U.S. Attorney Mike Cotter called Judge Christensen's sentence "a sentence that promotes respect for the law. It warns those who endeavor to cheat a federal loan program --- a program that provides producers with financial opportunity and the tools to succeed in Montana's agricultural industry --- that their conduct will not go unnoticed or ignored. The integrity of FSA's lending program will be preserved and protected. Our response will be vigorous and the consequences of deception will be serious."

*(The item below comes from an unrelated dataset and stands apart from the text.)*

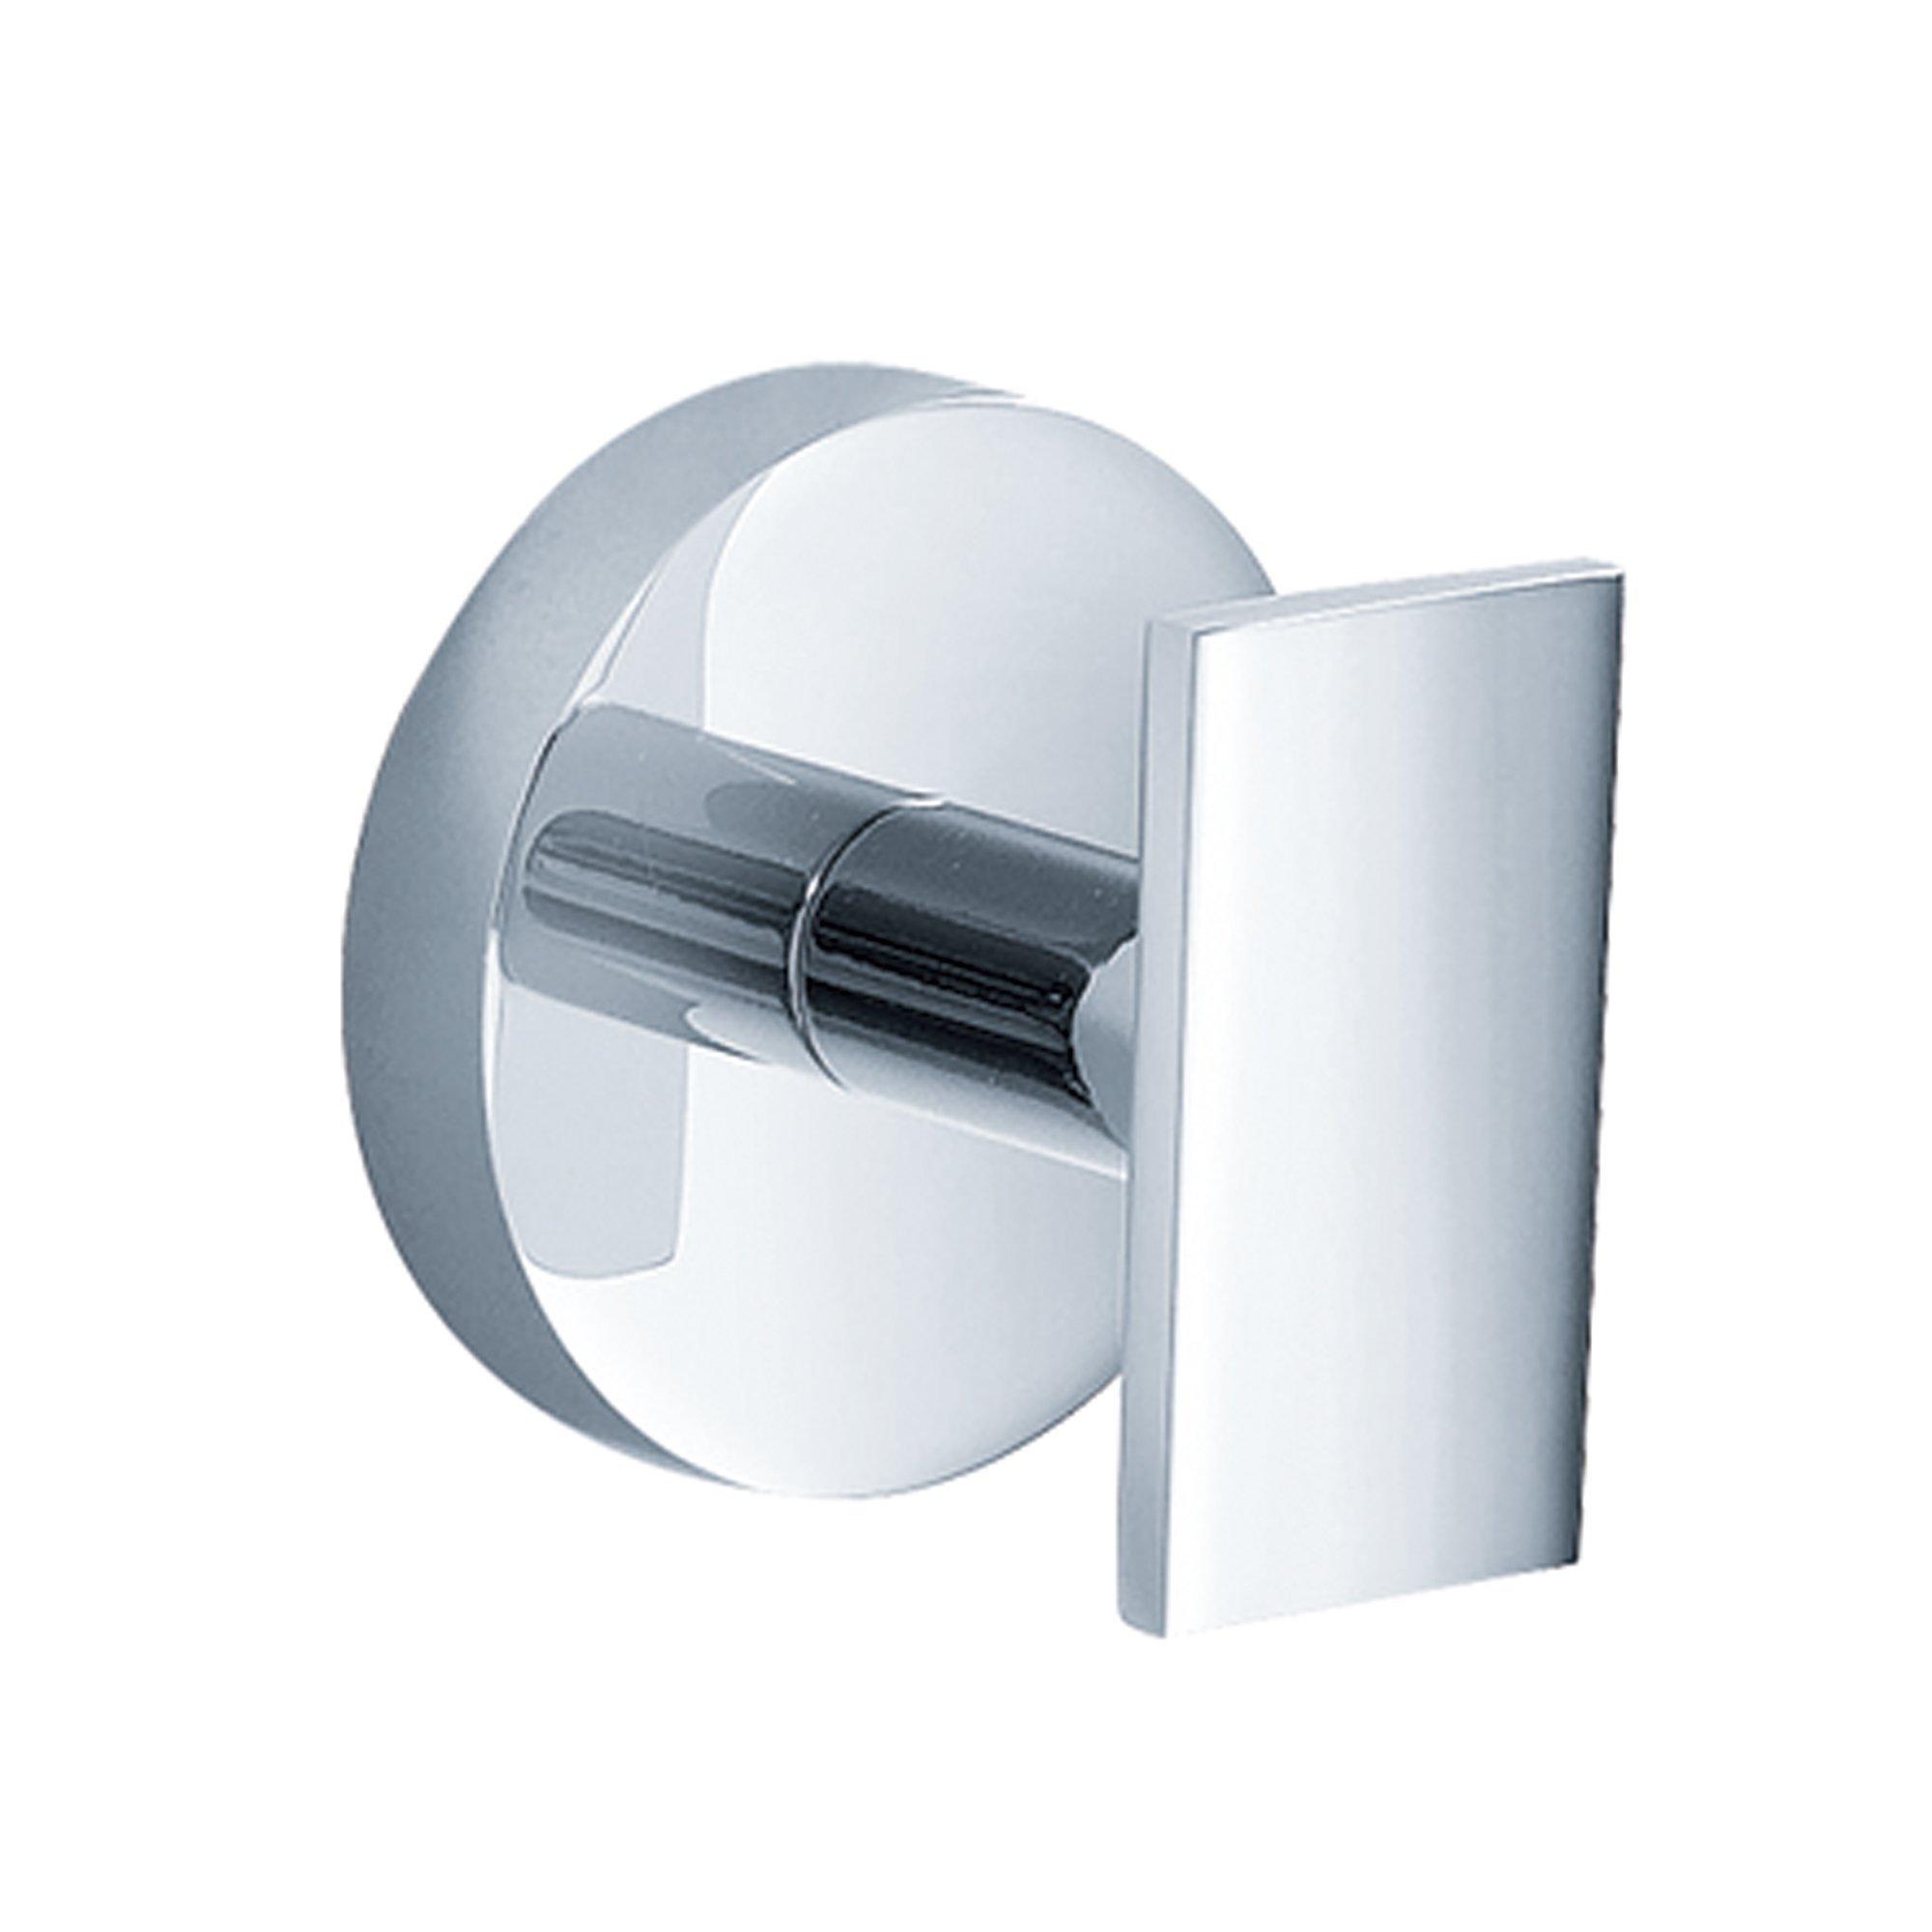 Kraus KEA-12201CH Imperium Bathroom Accessories - Hook by Kraus

Cotter included the THOMAS case in the Guardian's Project even though he describes the case as an "external" attack on federal programs when the primary focus of the effort is on "internal" attacks by public officials. "An important component of the THOMAS prosecution was the allegation contained in the first count of the indictment relating to a fraudulent claim in the Keepseagle settlement". In Keepseagle v. Vilsak, a class action lawsuit was pursued by Native American farmers and ranchers alleging that they had been discriminated against by the U.S. Department of Agriculture (USDA) and that they had been denied equal access to credit in the USDA Farm Loan Program. As a result of that lawsuit, on April 28, 2011, a $760 million settlement with the USDA was approved, and claims were entertained from individual Native American producers who asserted that they had been discriminatorily aggrieved by the USDA in the lending process. "This office determined that the Keepseagle claim was best pursued by a civil false claims action against THOMAS and we anticipate bringing that action in the near future."

Because there is no parole in the federal system, the (truth in sentencing( guidelines mandate that THOMAS will likely serve all of the time imposed by the court. In the federal system, THOMAS does have the opportunity to earn a sentence reduction for "good behavior." However, this reduction will not exceed 15% of the overall sentence.